Oláh Attila, Romics László
Department of Surgery, Petz Aladár Teaching Hospital, Gyor, Hungary.
Langenbecks Arch Surg. 2008 May;393(3):261-9. doi: 10.1007/s00423-008-0291-9. Epub 2008 Feb 12.
The application of enteral feeding as part of the treatment of acute pancreatitis goes back more than a decade now. In this review, the authors outline the indications and limitations of enteral feeding in the treatment of acute pancreatitis using up-to-date evidence-based data.
Latest meta-analyses suggest that early enteral feeding reduces effectively the incidence of infective complications and shortens hospital stay. In addition, recently published randomized controlled trials indicate that it may reduce mortality as well.
However, the role of immune-enhancing ingredients, such as glutamine or omega-3 fatty acids, combined with enteral nutrition is uncertain, and the published studies are too few to make any treatment recommendation.
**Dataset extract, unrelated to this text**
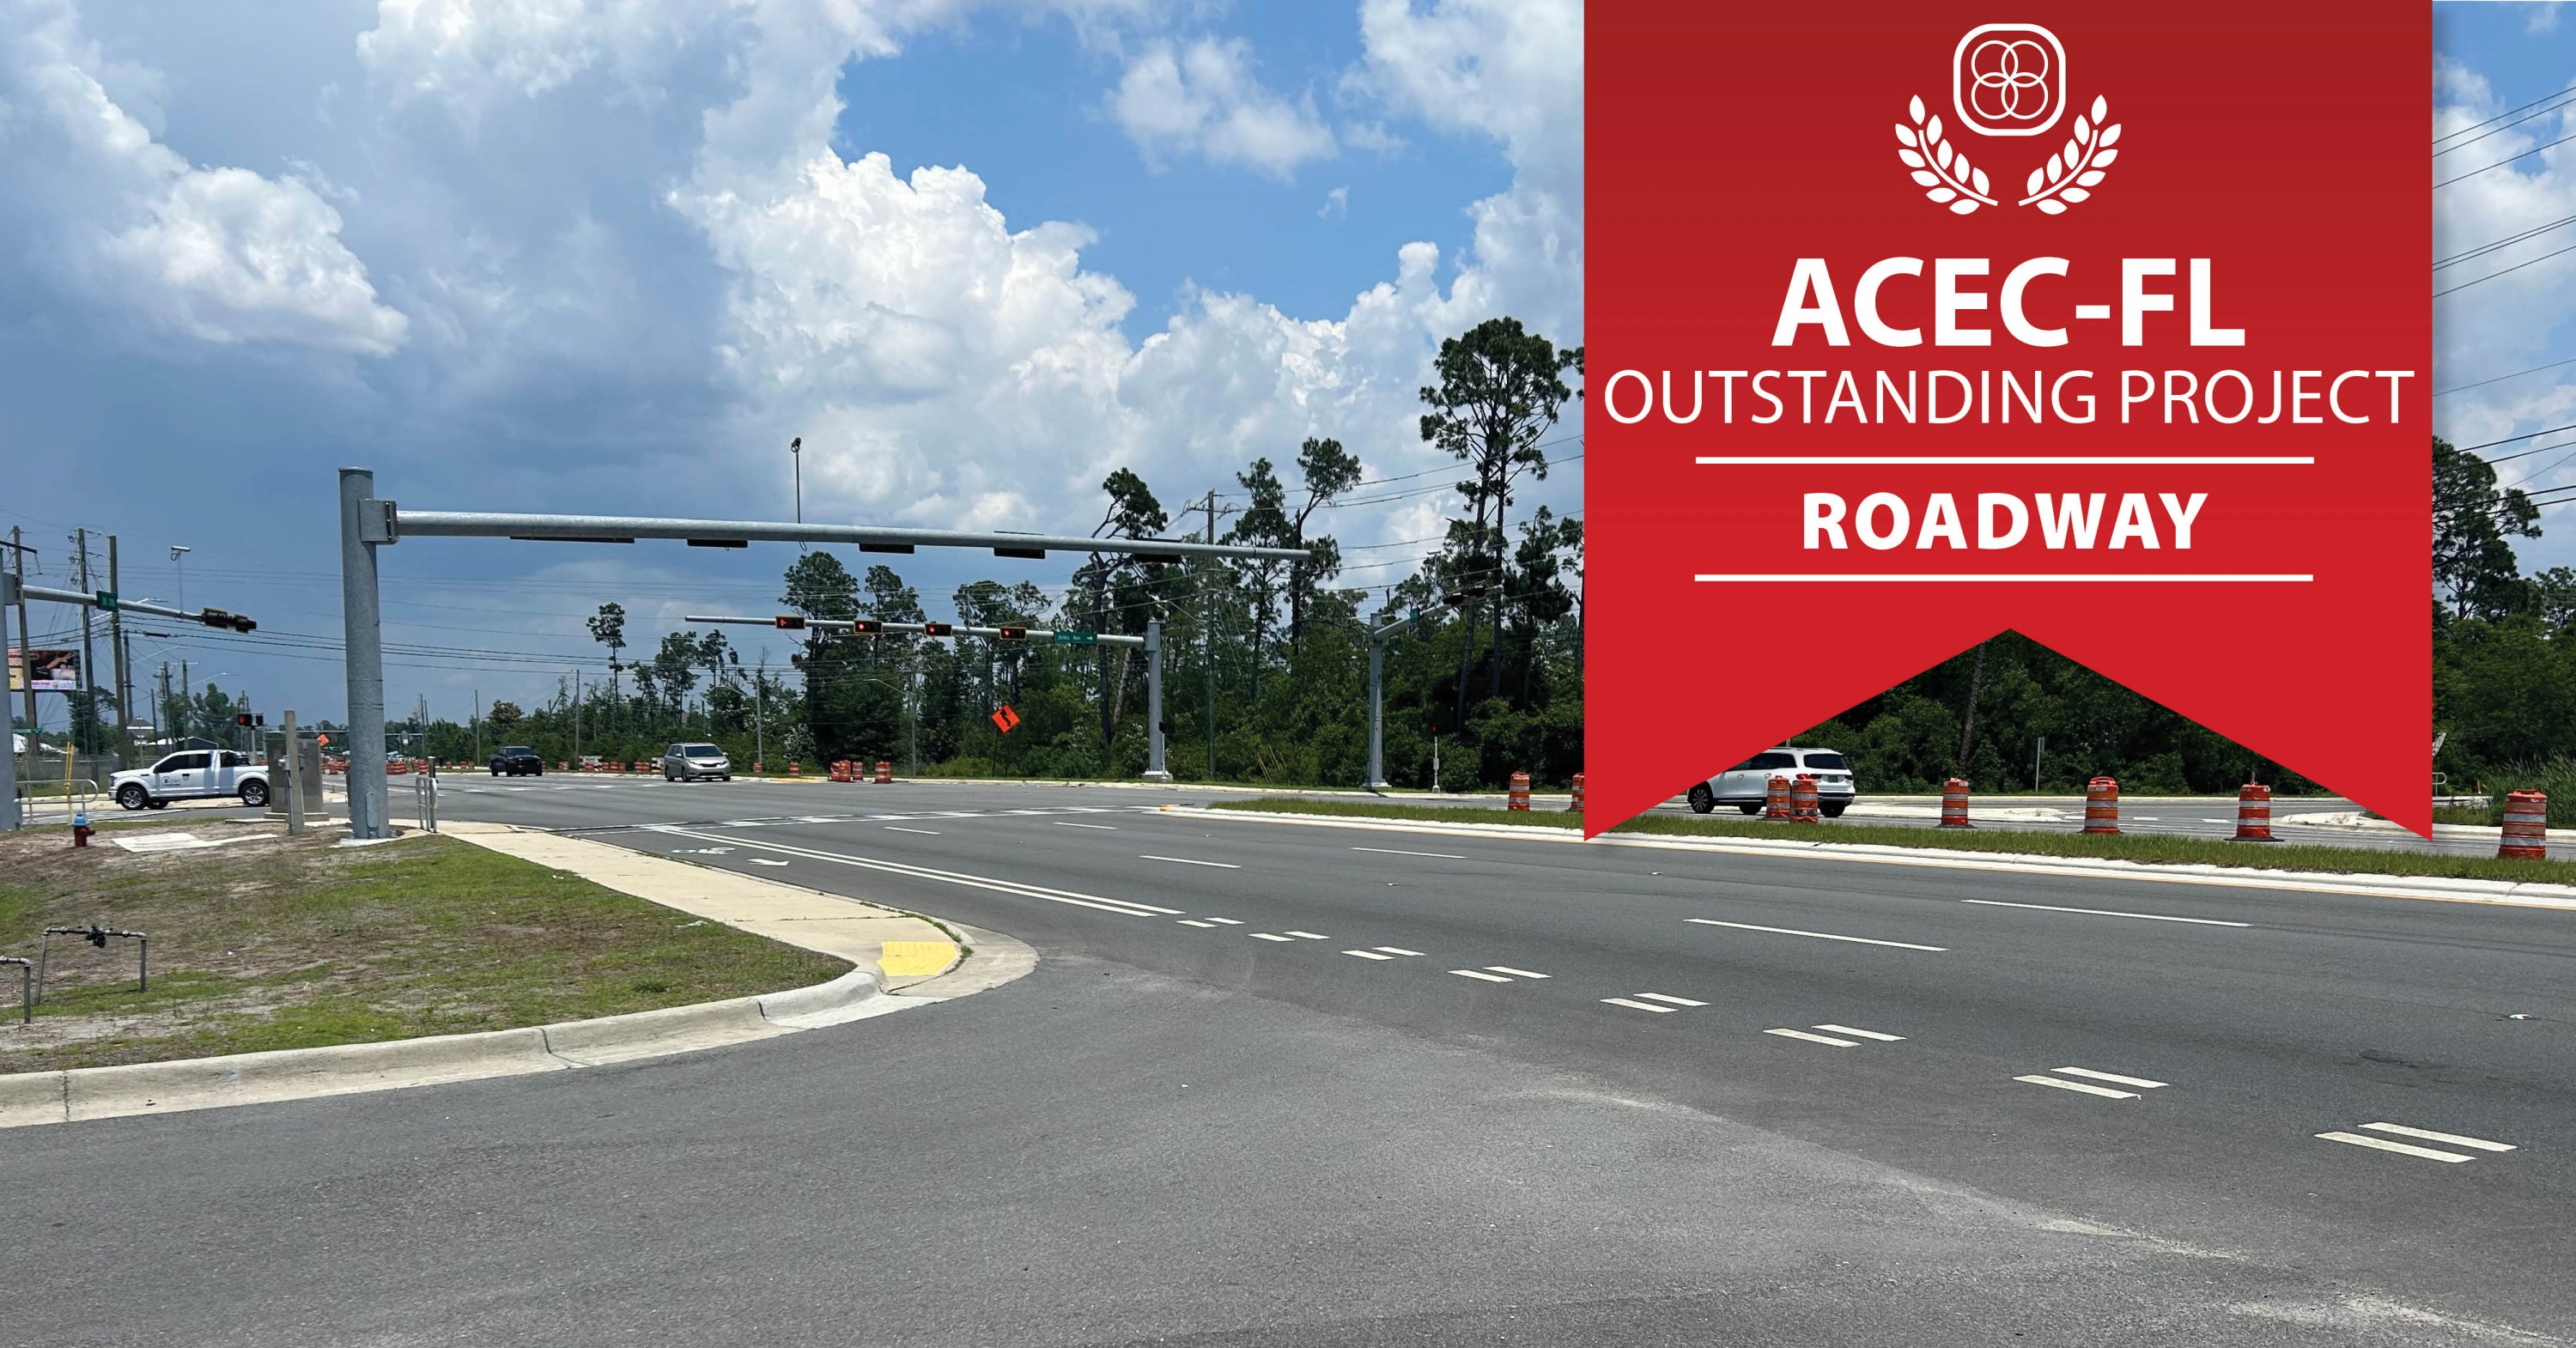 DRMP Roadway Project Wins ACEC Florida Outstanding Project Award

Supplementation of enteral feeding with probiotics is a potentially promising alternative, but further well-designed multi-centric trials are necessary to prove their role in the treatment of acute pancreatitis.
肠内营养作为急性胰腺炎治疗的一部分应用至今已有十多年。在本综述中,作者利用最新的循证医学数据概述了肠内营养在急性胰腺炎治疗中的适应证和局限性。
最新的荟萃分析表明,早期肠内营养可有效降低感染性并发症的发生率并缩短住院时间。此外,最近发表的随机对照试验表明,它也可能降低死亡率。
然而,免疫增强成分如谷氨酰胺或ω-3脂肪酸与肠内营养联合使用的作用尚不确定,且已发表的研究太少,无法给出任何治疗建议。肠内营养补充益生菌是一种潜在的有前景的替代方法,但需要进一步设计良好的多中心试验来证明它们在急性胰腺炎治疗中的作用。